## [Task brief]
Please, from the entries below, transcribe exactly the lines that begin at the line with "Pixi - Micul magician" and end at the line with "Office in Bedroom, Ikea", without the pictures.

## [Given information]

-=-=-=-=-

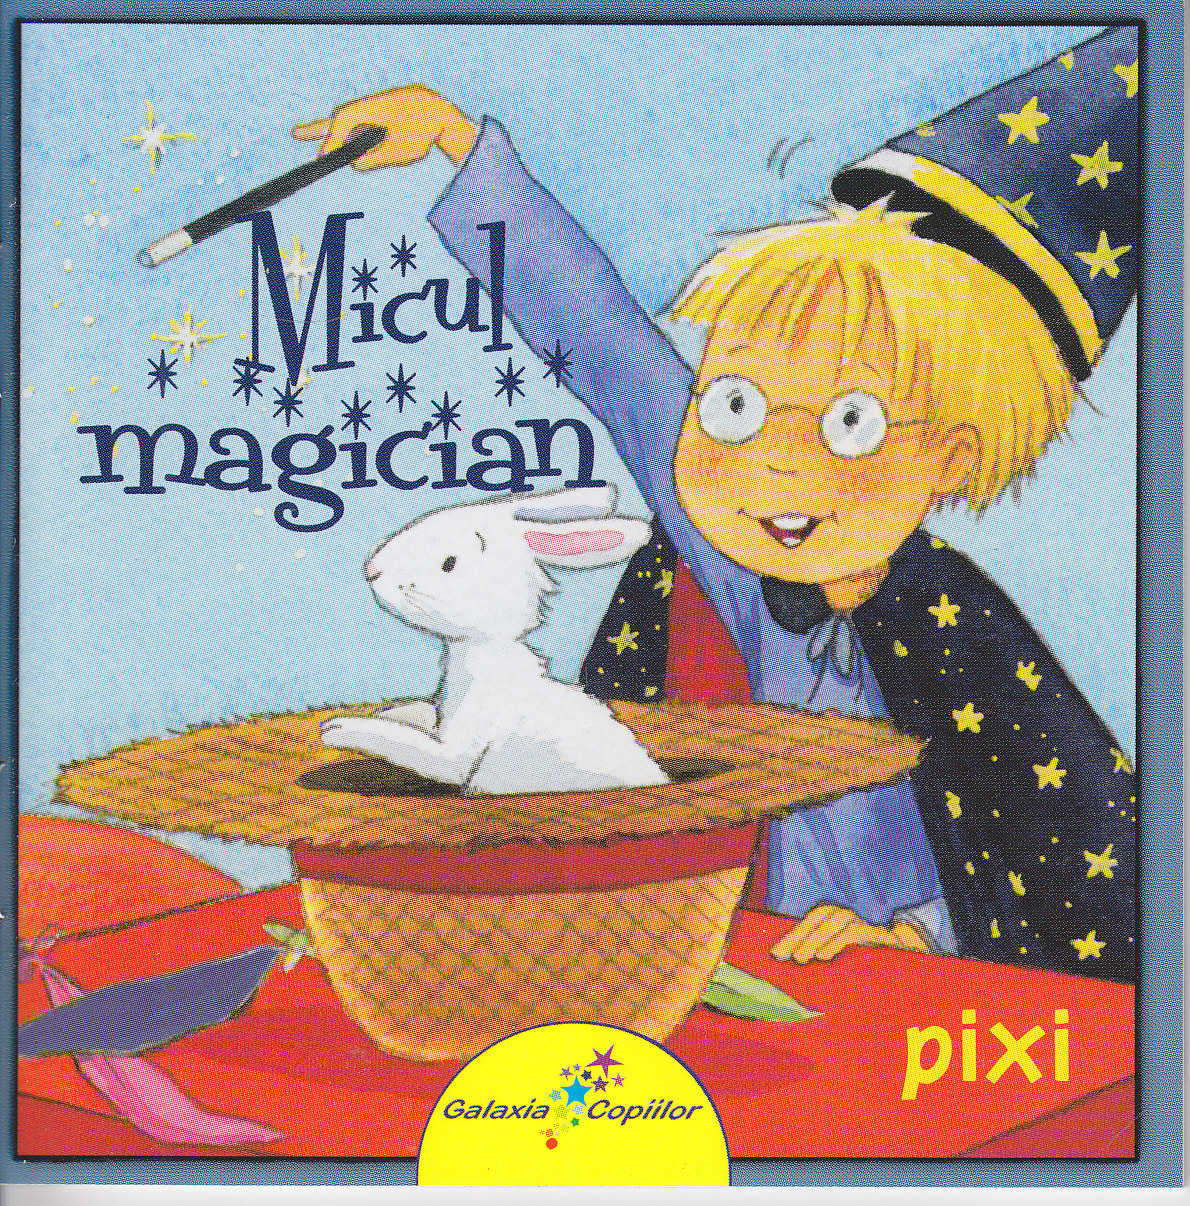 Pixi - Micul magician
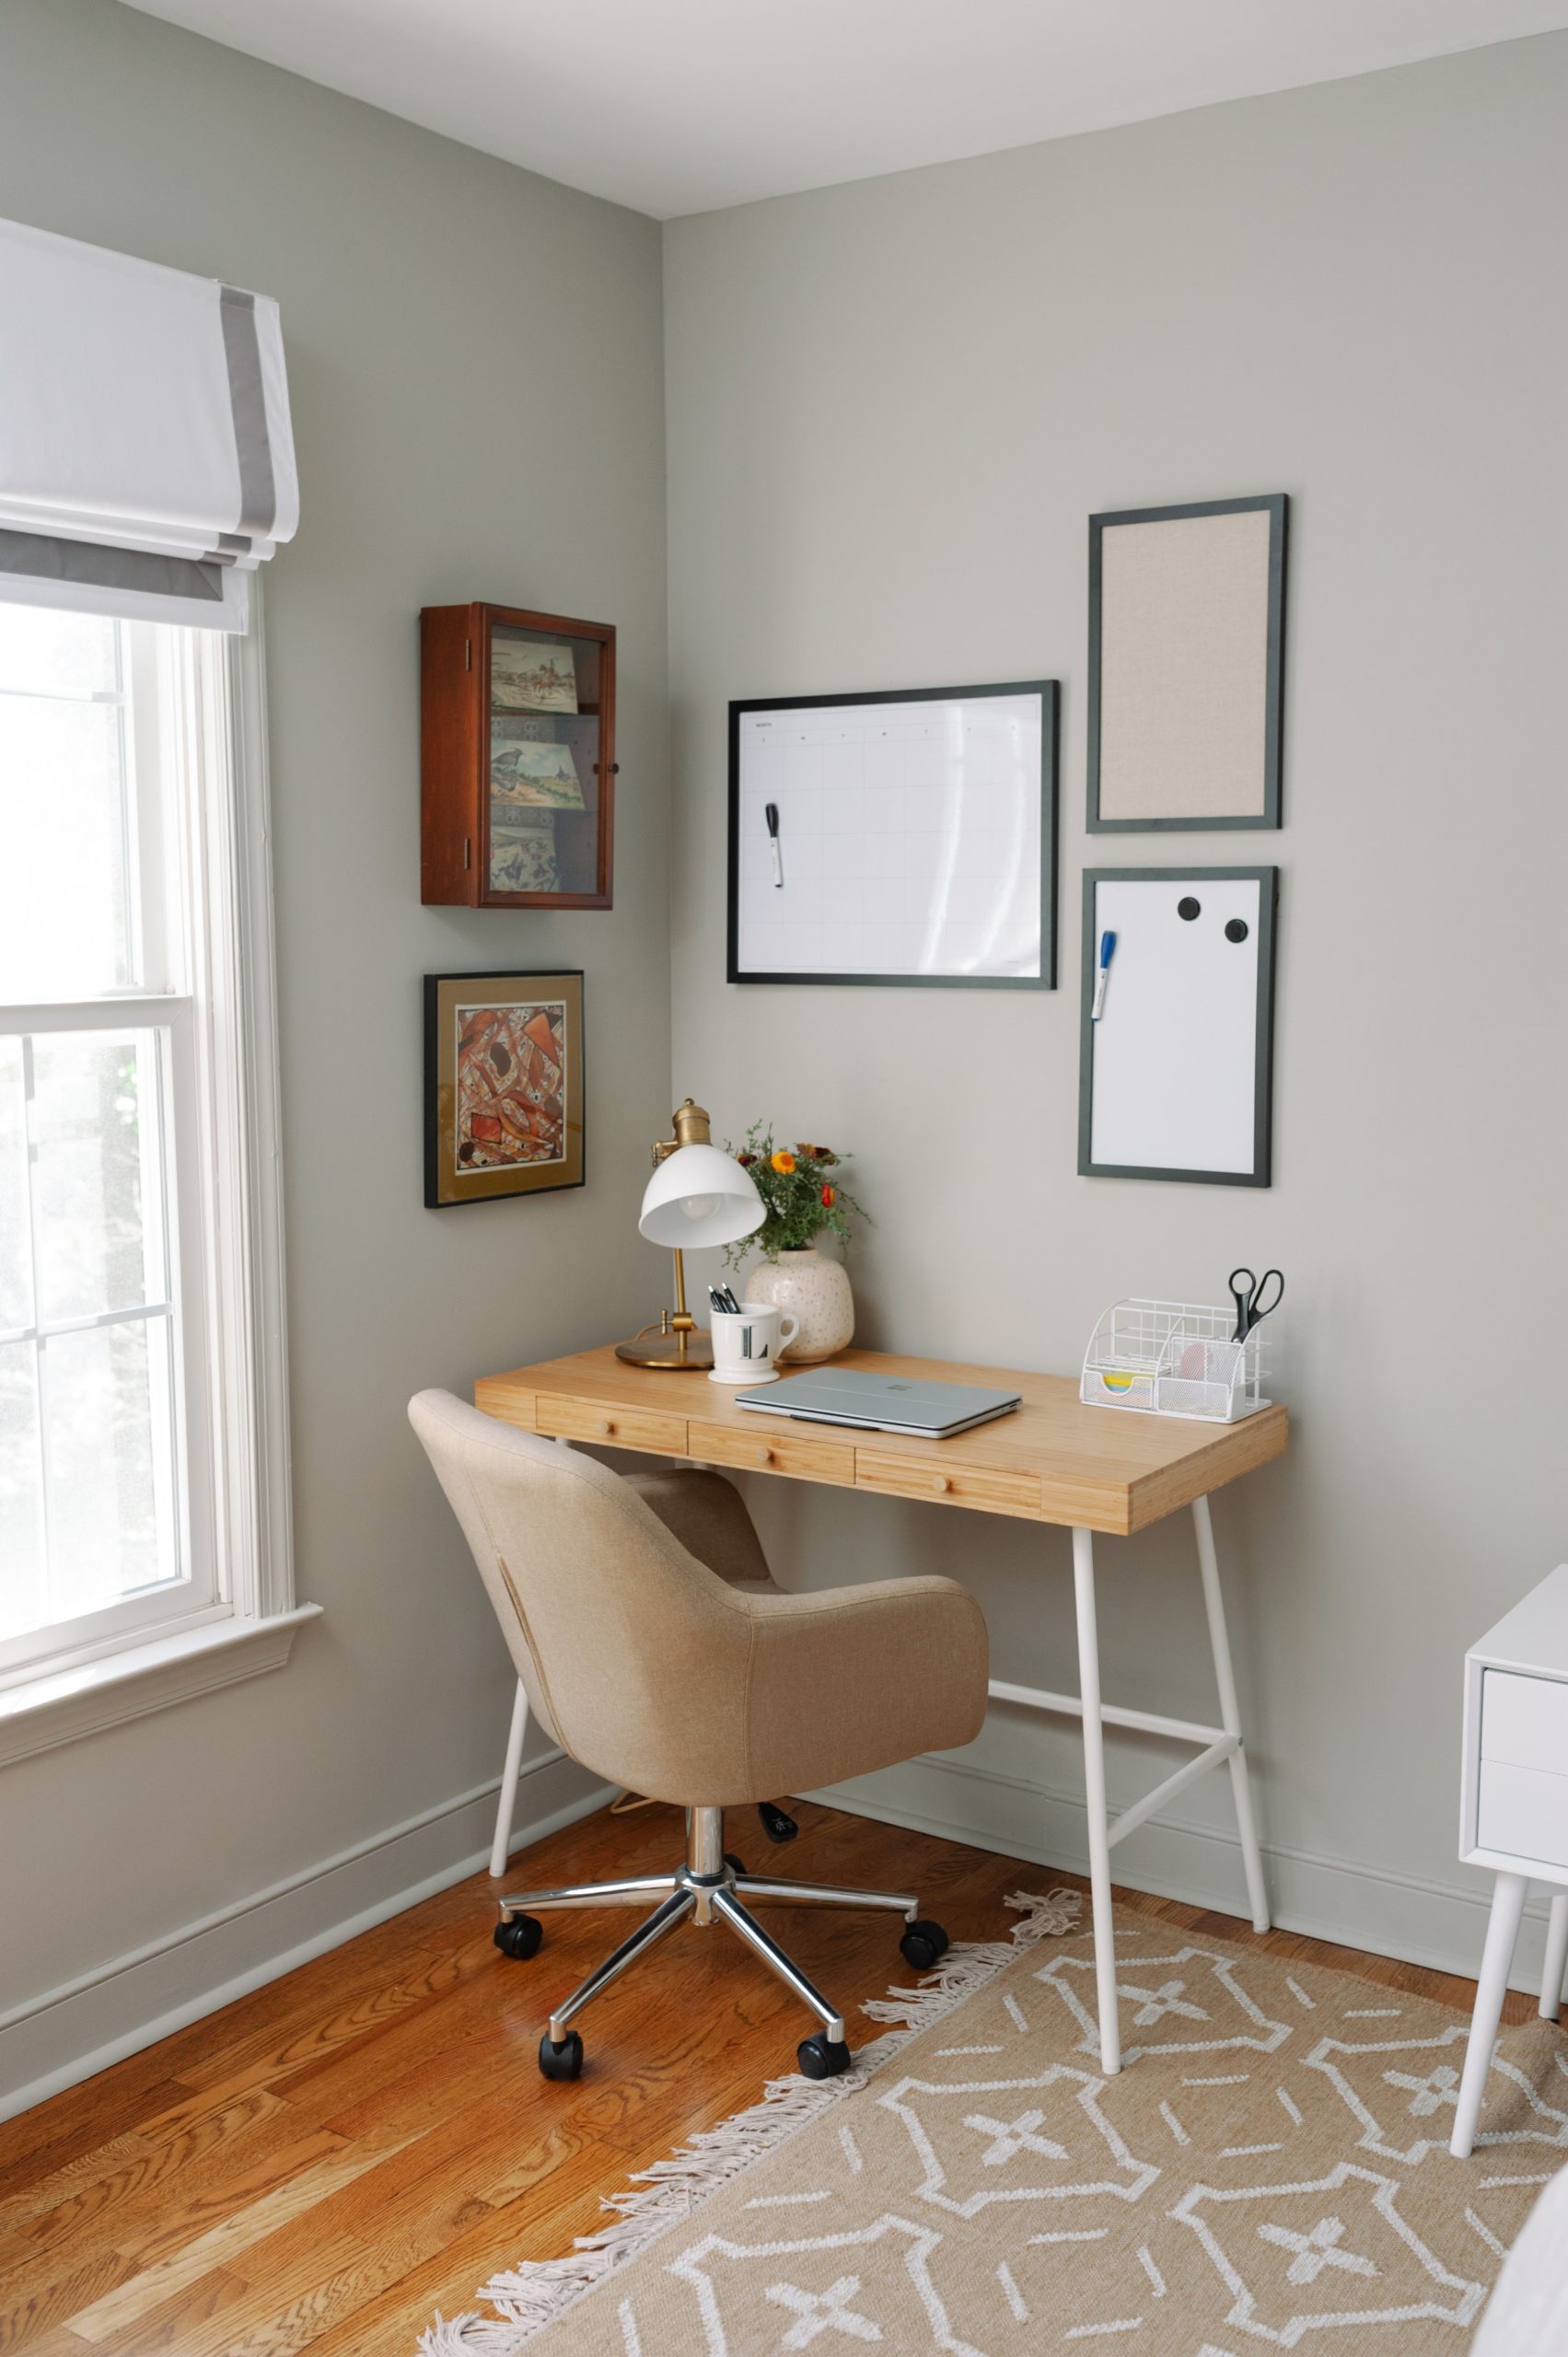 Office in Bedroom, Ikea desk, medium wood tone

-=-=-=-=-

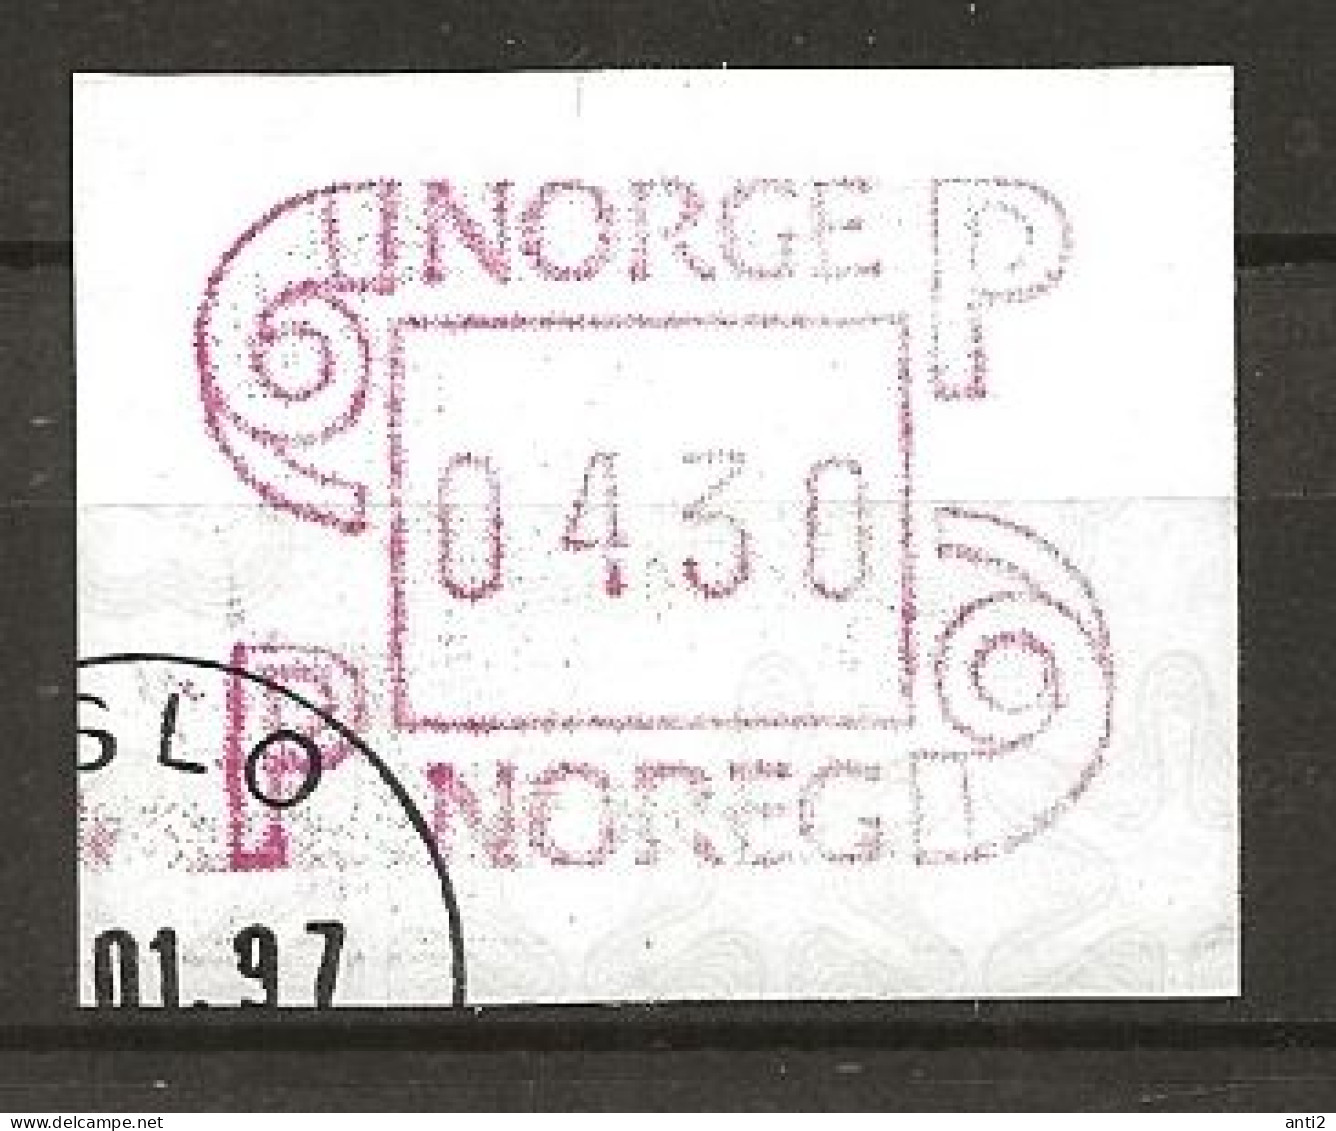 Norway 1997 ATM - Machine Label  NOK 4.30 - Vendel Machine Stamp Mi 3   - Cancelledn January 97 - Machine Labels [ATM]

-=-=-=-=-

## [Response]
 Pixi - Micul magician
 Office in Bedroom, Ikea desk, medium wood tone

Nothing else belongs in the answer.